Fast forward to our current political season of ravenous, cutthroat gerrymandering and precedent-gutting Supreme Court decisions paving the way for permanent minority rule. Akuno, still watching, still writing, recently published two essays on the future before us: “Shifting Focus: Organizing for Revolution, Not Crisis Avoidance” (with co-authors Brian Drolet and Doug Norberg), and “Some Thoughts on What Can Be Done to withstand the Neo-Confederate/Neo-Fascist Conquest of Power.”

In the second piece, Akuno not only warns of imminent authoritarian control in the US, but predicts it will happen by January 2025.

These pieces have been circulating throughout left and left-adjacent listservs, radio shows, podcasts, and other predominantly, but not exclusively, Black media and organizing spaces, mostly underground and vanguard ones. Impossible to dismiss, the conversations being sparked by Akuno’s analyses are sobering, energizing, and—at the risk of invoking a hoary cliché—a breath of fresh air. 
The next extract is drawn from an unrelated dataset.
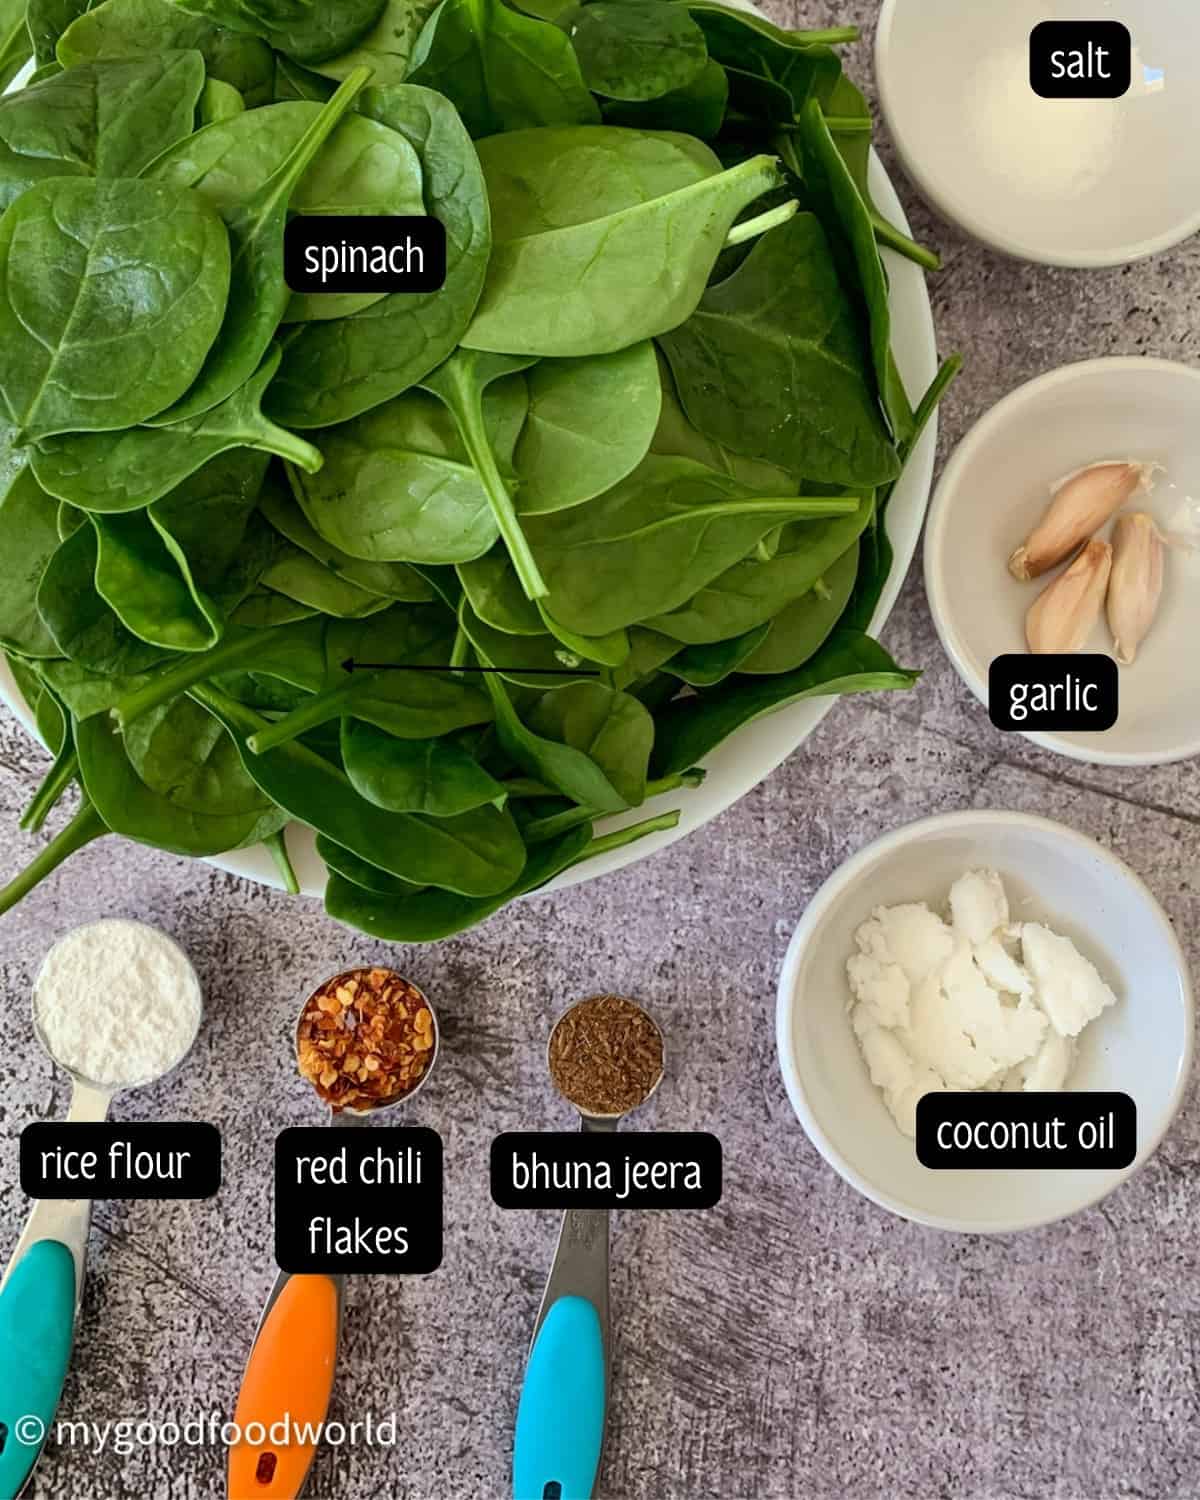 Ingredients for spinach stir fry placed in small white bowls and measuring spoons which are placed on a light grey background.

Akuno lays out a vision for mass mobilizations on a scale commensurate with the existential stakes of the horrific circumstances humanity now finds itself in.

From the not-so-slow boil of climate catastrophe to endless war and militarism, to rising and converging far-right movements around the globe, to neo-feudalist inequality, etc., etc… we all recognize that we’re in trouble right now. But maintaining the status quo at all costs and preserving “democracy as we know it”—which isn’t all that democratic, and can never be within the confines of capitalism—is a grossly inadequate response to the task before us. A political strategy that strives for nothing more than propping up a Democratic party that is always tripping over its feet as it moves further and further to the right is not going to win the day, especially when what is needed is a revolutionary turn, or series of them.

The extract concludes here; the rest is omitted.